Surrounding Gastric Mucosa Findings Facilitate Diagnosis of Gastric Neoplasm as Gastric Adenoma or Early Gastric Cancer
Background and Aim. It is difficult to master the skill of discriminating gastric adenoma from early gastric cancer by conventional endoscopy or magnifying endoscopy combined with narrow-band imaging, because the colors and morphologies of these neoplasms are occasionally similar. We focused on the surrounding gastric mucosa findings in order to determine how to discriminate between early gastric cancer and gastric adenoma by analyzing the characteristics of the gastric background mucosa. Methods. We retrospectively examined 146 patients who underwent endoscopic submucosal dissection for gastric neoplasm between October 2009 and January 2015. The boundary of atrophic gastritis was classified endoscopically according to the Kimura-Takemoto classification system. Of 146 lesions, 63 early gastric cancers and 21 gastric adenomas were ultimately evaluated and assessed. Results. Almost all gastric adenomas were accompanied by open-type gastritis, whereas 47 and 16 early gastric cancers were accompanied by open-type and closed-type gastritis, respectively (p = 0.037). Conclusions. The evaluation of the boundary of atrophic gastritis associated with gastric neoplasms appears to be useful for discrimination between early gastric cancer and gastric adenoma. When gastric neoplasm is present in the context of surrounding localized gastric atrophy, gastric cancer is probable but not certain.
The differential diagnosis of gastric neoplasm as gastric adenoma or early gastric cancer is generally made based on the endoscopic findings and pathological findings obtained from biopsy samples. Because the colors and morphologies of each neoplasm are occasionally similar, it is often difficult to discriminate gastric adenoma from early gastric cancer by conventional endoscopy alone. As for the pathological examination, it is possible that biopsy samples can be obtained only from the adenomatous part of carcinoma in adenoma. Magnifying endoscopy combined with narrow-band imaging (NBI) is reported to be useful for the diagnosis of gastrointestinal tumors, especially early gastric cancers [1–4]. However, it is difficult to master the skill of magnifying endoscopy combined with NBI for the differential diagnosis of gastric adenoma and early gastric cancer, and this method is therefore not practical for everyday use.
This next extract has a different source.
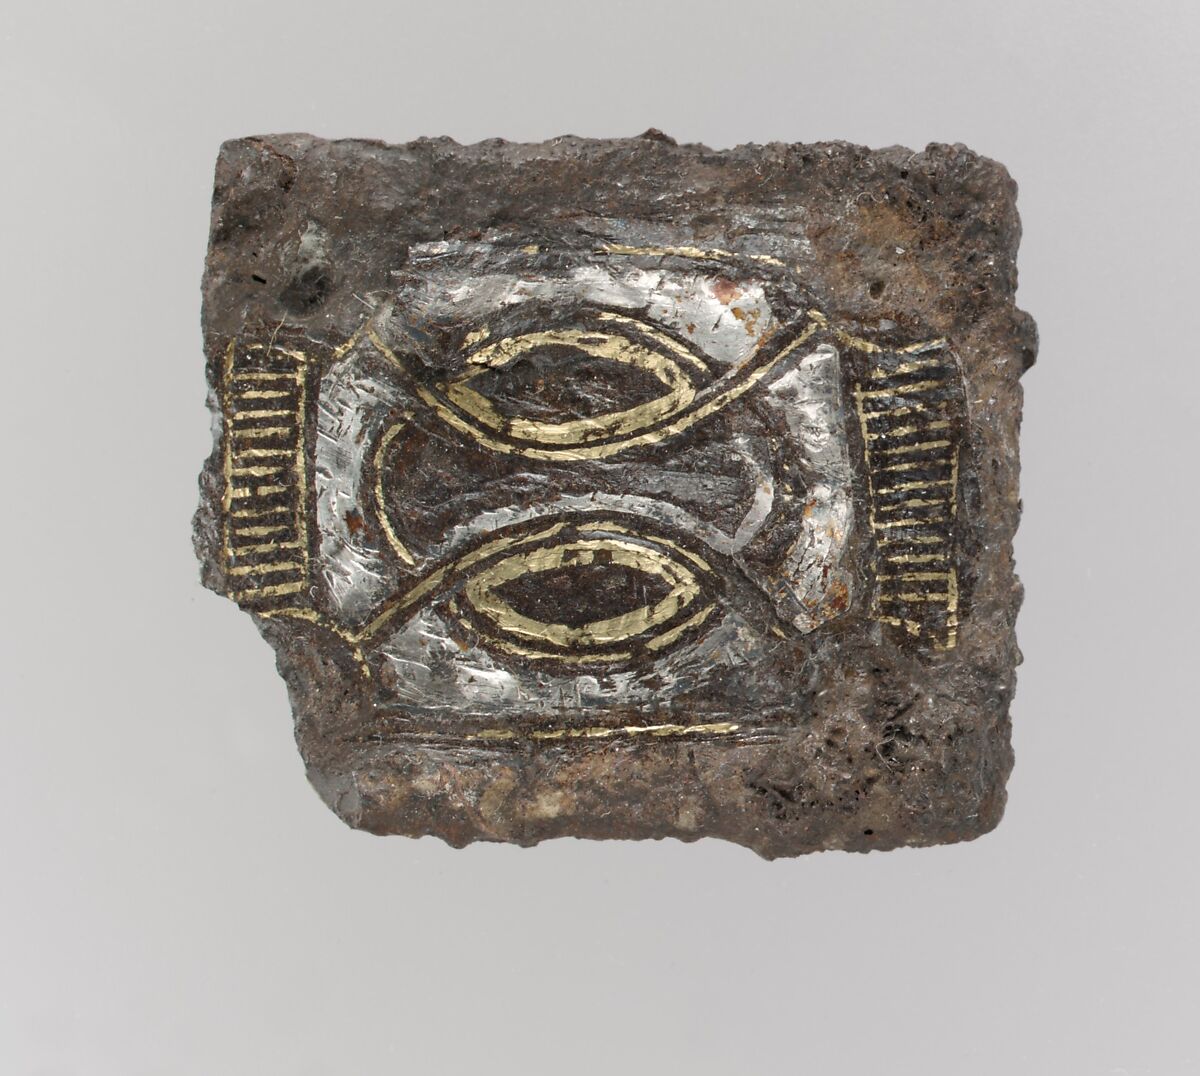 Backplate of a Belt Buckle, Iron with silver and copper alloy inlays, Frankish

Chronic atrophic gastritis, intestinal metaplasia, and Helicobacter pylori infection are highly associated with gastric neoplasms . Some patients with chronic atrophic gastritis caused by a Helicobacter pylori infection might progress to gastric neoplasm, and patients with chronic atrophic gastritis or Helicobacter pylori infection are considered to be at high risk of gastric neoplasm [6, 7]. It is difficult to master the skill of discriminating gastric adenoma from early gastric cancer by conventional endoscopy or magnifying endoscopy combined with narrow-band imaging. However, the relationship between gastric adenoma and early gastric cancer has not yet been clarified. In the present study, we focused on the surrounding gastric mucosa findings in order to determine how to discriminate between early gastric cancer and gastric adenoma by analyzing the boundary of the atrophic gastritis.
2. Materials and Methods
This was a single-center study at the University of Miyazaki Hospital in Japan. We retrospectively examined 146 patients who underwent endoscopic submucosal dissection for gastric neoplasm between October 2009 and January 2015. The study was conducted in accordance with the Declaration of Helsinki and was approved by the Institution Review Board (IRB) of the University of Miyazaki under the ethical guidelines of the Declaration of Helsinki.
2.2. Endoscopy Examination
All of the endoscopic examinations were performed and assessed by a single experienced endoscopist (T.M.) with special endoscopic qualifications, using a high-resolution magnifying upper gastrointestinal endoscope (GIF-H260Z, Olympus, Tokyo, Japan) and an electronic endoscopy system (Evis Lucera Spectrum, Olympus, Tokyo, Japan).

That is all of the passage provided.